### DATA
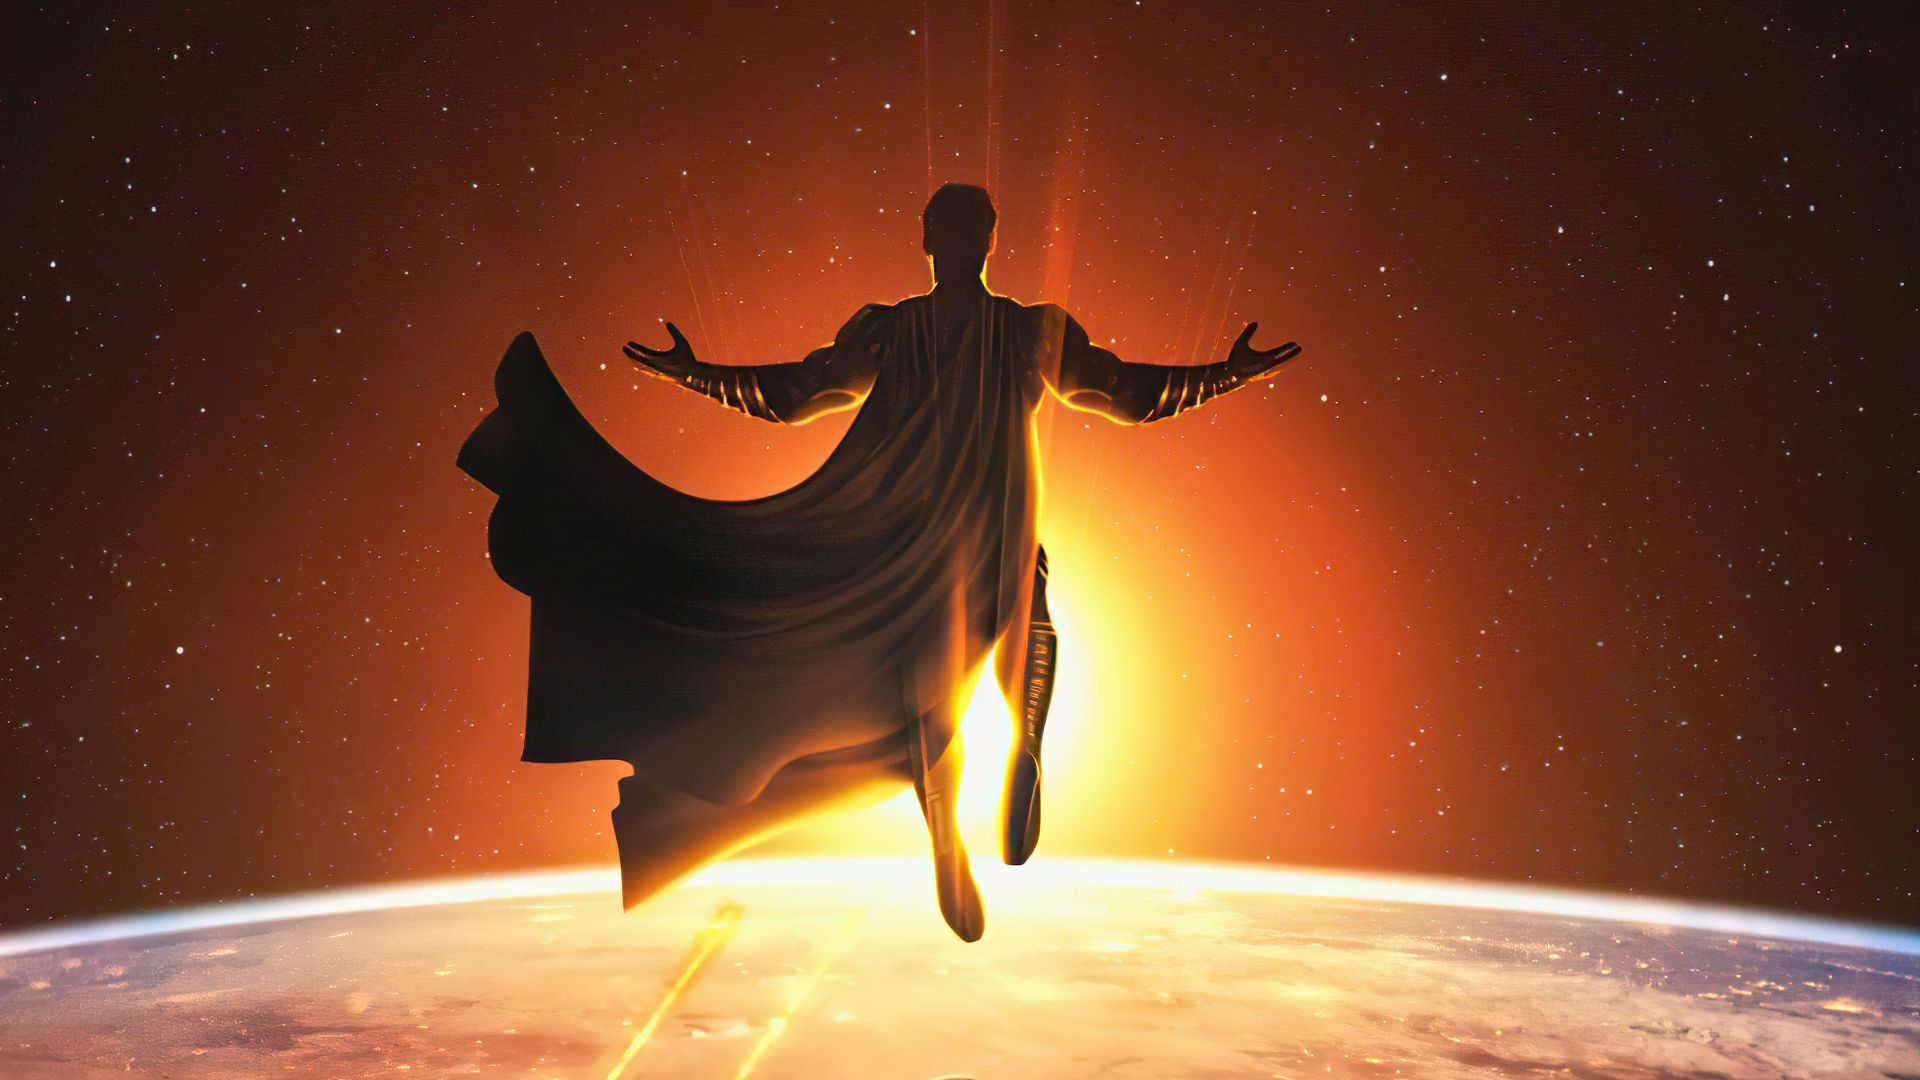 Desktop Wallpaper Superman In Space, Fan Art, 2021, Hd Image, Picture
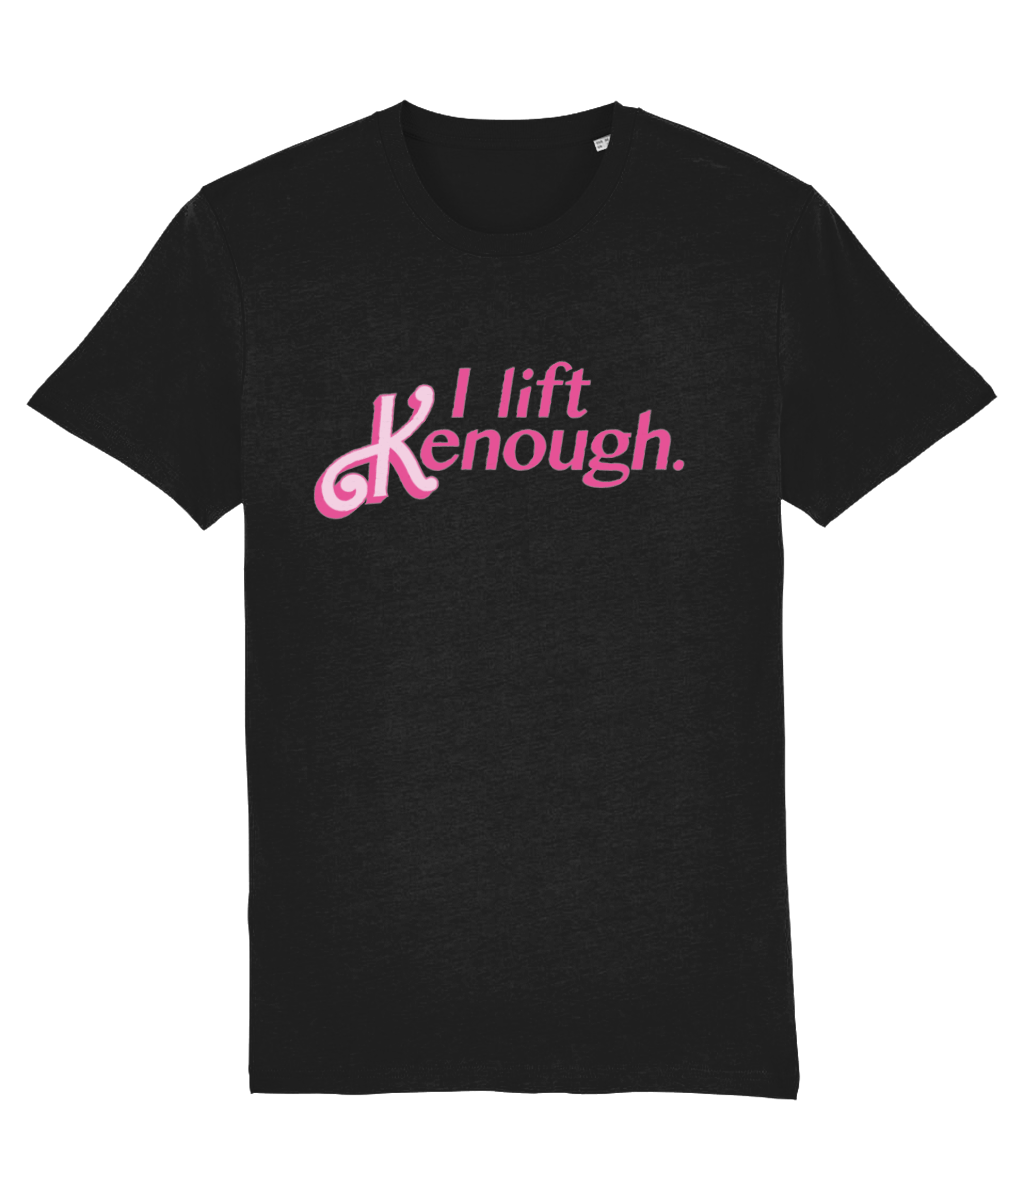 Lift Kenough t-shirt
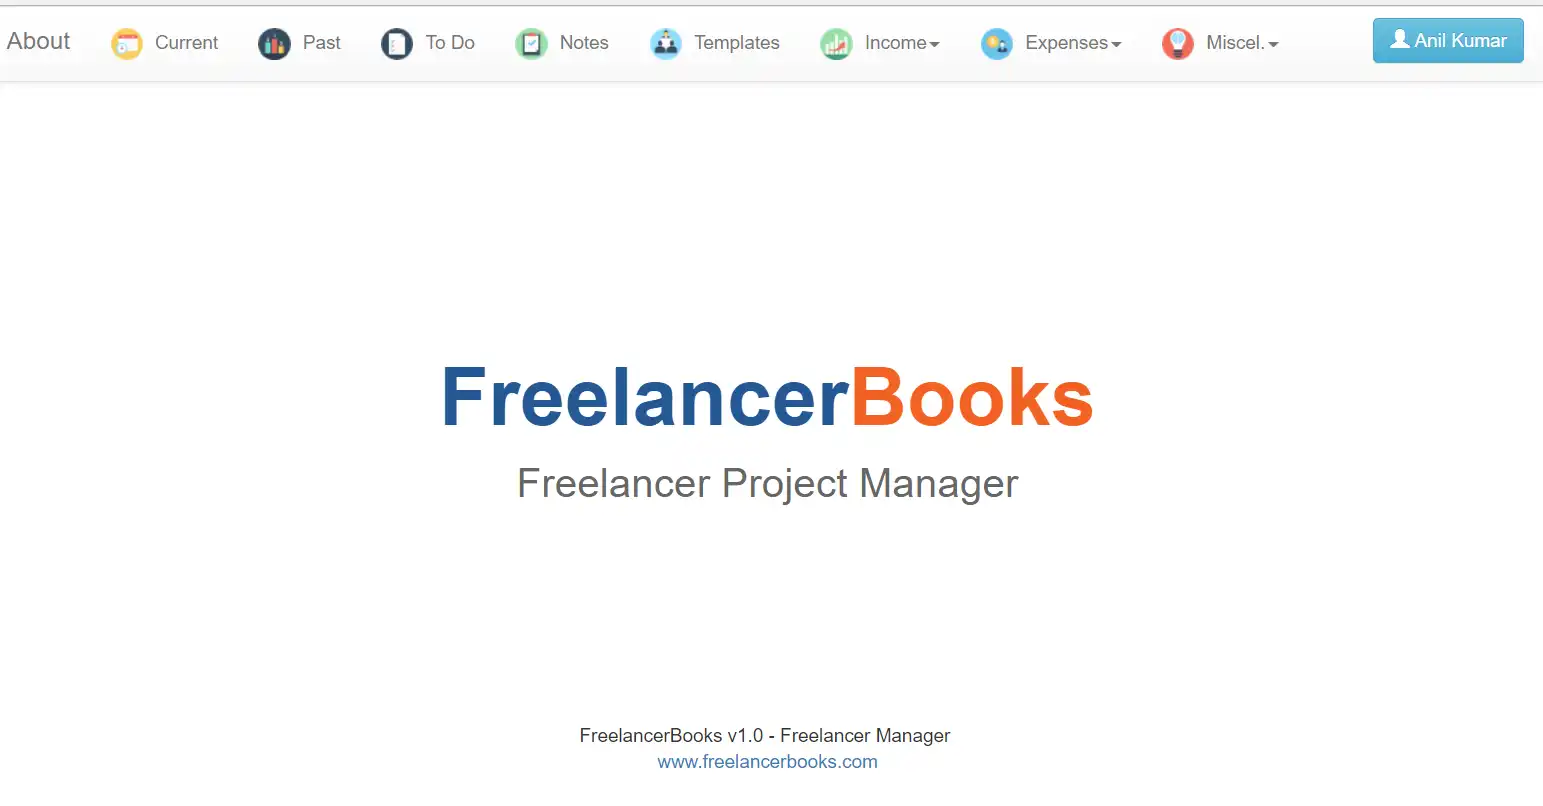 ດາວ​ໂຫຼດ​ເຄື່ອງ​ມື​ເວັບ​ໄຊ​ຕ​໌​ຫຼື app ເວັບ​ໄຊ​ຕ​໌ FreelancerBooks - ການ​ຄຸ້ມ​ຄອງ​ໂຄງ​ການ​
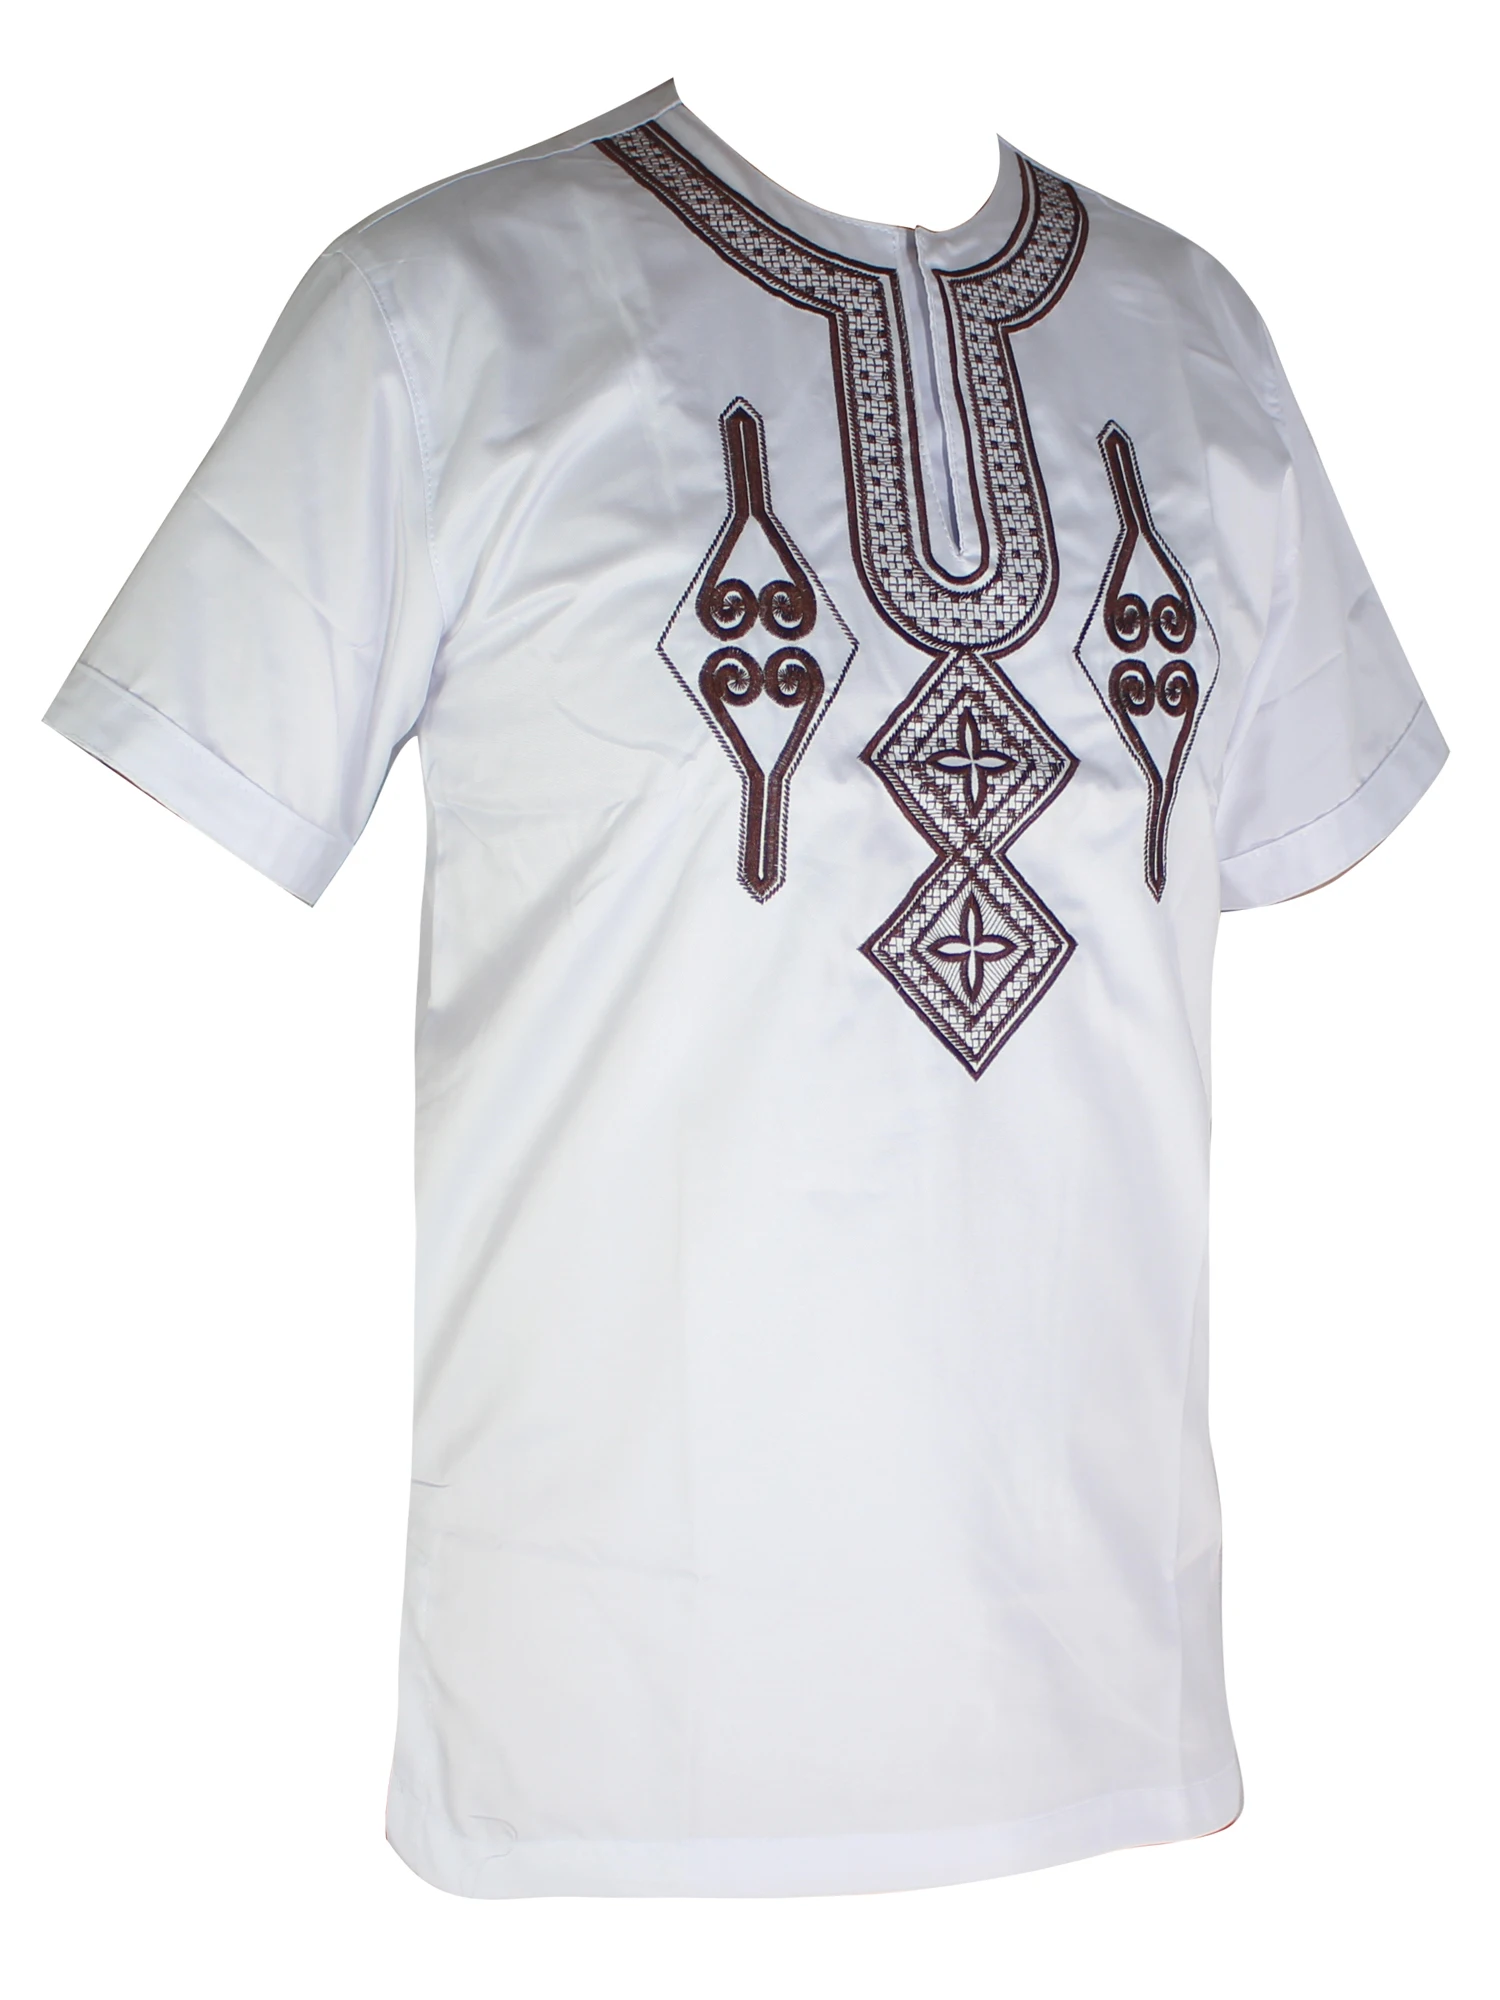 Африканская одежда Базен вышивка дизайн золотой мусульманская одежда для мужчин Дашики Новинка

### WHAT YOU HAVE TO DO
Across the whole listing above, repeat each line exactly and leave out the images.

### OUTPUT OF THE TASK
 Desktop Wallpaper Superman In Space, Fan Art, 2021, Hd Image, Picture
 Lift Kenough t-shirt
 ດາວ​ໂຫຼດ​ເຄື່ອງ​ມື​ເວັບ​ໄຊ​ຕ​໌​ຫຼື app ເວັບ​ໄຊ​ຕ​໌ FreelancerBooks - ການ​ຄຸ້ມ​ຄອງ​ໂຄງ​ການ​
 Африканская одежда Базен вышивка дизайн золотой мусульманская одежда для мужчин Дашики Новинка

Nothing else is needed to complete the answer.